This will check out Sparkle at the ui-separation-and-xpc immediately. Then drag the Sparkle.xcodeproj into your app project to access its build products. I usually drop sub-projects like this inside the app project’s “Framework” group.

You might want to review your build schemes in Xcode now; I hide all the Sparkle-related schemes from the drop-down by unchecking the “Show” checkbox to keep the scheme dropdown focused on my app.

If you had a reference to Sparkle.framework in your Xcode project before, delete that. We’re going to be using the one of Sparkle.xcodeproj, which you’ll find inside its “Products” group.

If you never embedded an external framework into your app in your life: Locate the framework in the sub-project by expanding the folders/groups leading to it. Click on your app project, then on the app target in the project viewer. Select the “General” tab, scroll down to “Embedded Binaries”. Then drag and drop the Sparkle.framework from the project navigator to the left into the “Embedded Binaries” list. This will link the app with the framework and include the framework in the final app. (There’s an old video that show the old Xcode UI but is otherwise accurate.)

Migrate old Sparkle types

Ye olde SUUpdater is no more. It’s deprecated and a wrapper around the new types. It was commonly used inside Interface Builder Nibs to auto-start the updating mechanism in the background from the MainMenu.xib. For this purpose, you now will use SPUStandardUpdaterController.

The actual functionality of the SUUpdater is now put inside SPUUpdater. Yep, after a decade Sparkle now adopted three letter type prefixes in Objective-C! When things settle down, there’ll be plenty of room for NS_SWIFT_NAME pull requests.
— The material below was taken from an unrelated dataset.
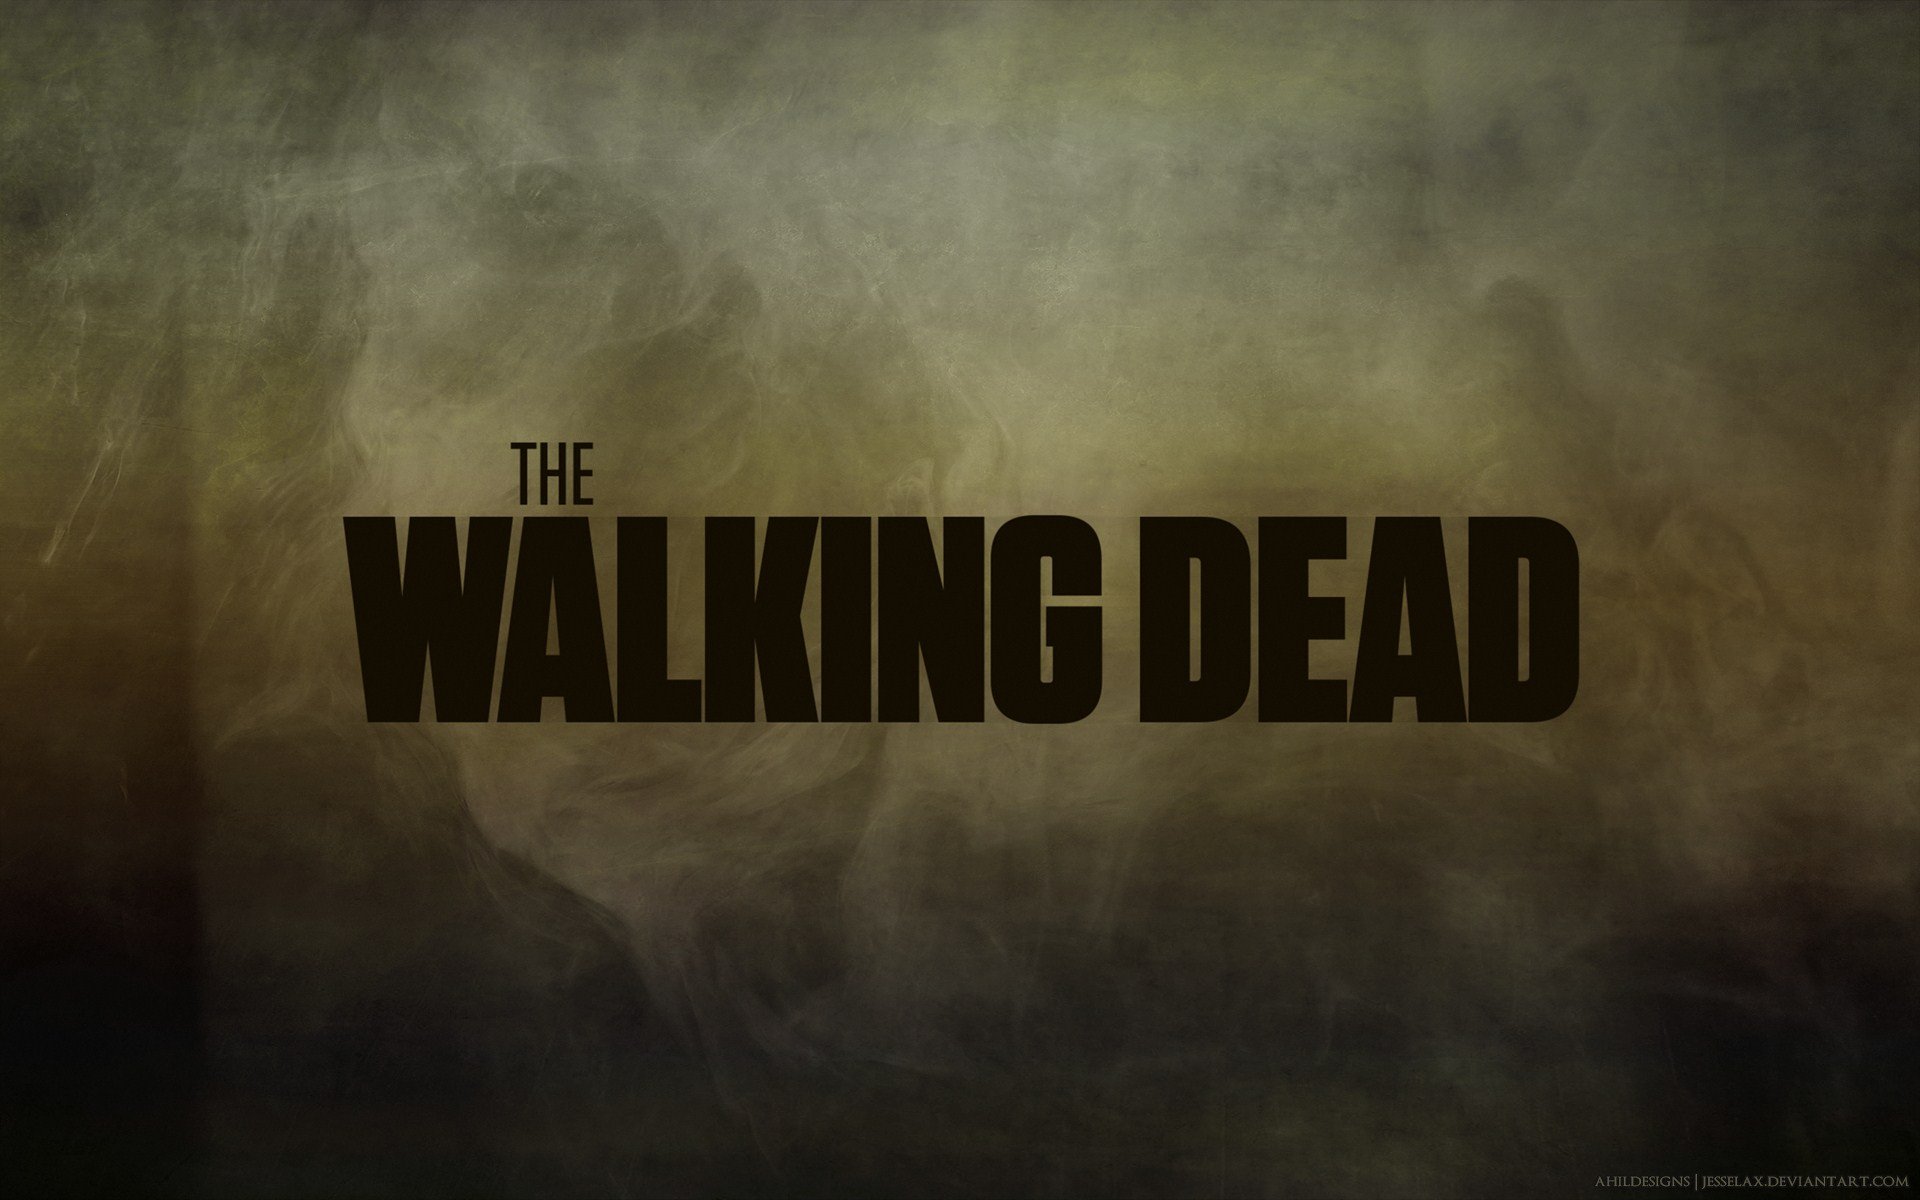 The Walking Dead Wallpaper HD Amazing 1t4u40rk   Yoanucom

If you used Cocoa bindings in your settings or main menu to toggle auto-updating via automaticallyChecksForUpdates, or display the date of the last update in a label via lastUpdateCheckDate, you need to rewire your bindings! SPUStandardUpdaterController is not KVO compliant for either. It does expose the checkForUpdates(_:) method that you can bind to menu items or buttons in Interface Builder, but the rest is part of SPUUpdater, not SPUStandardUpdaterController. You need to drill into the controller’s updater property which actually is of the SPUUpdater type. So the model path of the binding changes from e.g. self.automaticallyChecksForUpdates to self.updater.automaticallyChecksForUpdates. Adjust the other paths similarly.

With these changes in place, you should be ready to roll!

Changes to the object lifecycles in Sparkle

Note that SPUUpdater, unlike the old SUUpdater, does not cache instances! Previously, you could just call the default initializer anywhere inside the same app bundle and get the same object. It was like a singleton in that regard. But now the SPUUpdater has no such mechanism. Neither has SPUStandardUpdaterController.

You are allowed to instantiate multiple SPUStandardUpdaterController objects in different Nib files. It is sufficiently safe to do so. They don’t perform any black magic: all they do is set up the updater object and start the update process. There should be no trouble having multiple instances in memory – but I haven’t checked this, because I don’t find this use case particularly interesting. I only use the controller object inside of preference windows and so far haven’t experienced any clashes or duplicate update requests.

Conclusion

If you customize your update process a lot – and this 2.0 preparation fork of Sparkle allows a ton of customization, including cusom updater UI! –, then you will likely want to keep a shared/global/Singleton updater object around, because it is tied to a SPUUpdaterDelegate, and maybe even to one of the “driver delegates” that are notified about download progress. Indeed I set this up once in my AppDelegate and then save this as a variable that I can access from anywhere else in the app. (Call it Singleton, call it a global variable, call it a static property – it’s the same mechanism.) I essentially replicate the shared object model of the old Sparkle framework version in my own code.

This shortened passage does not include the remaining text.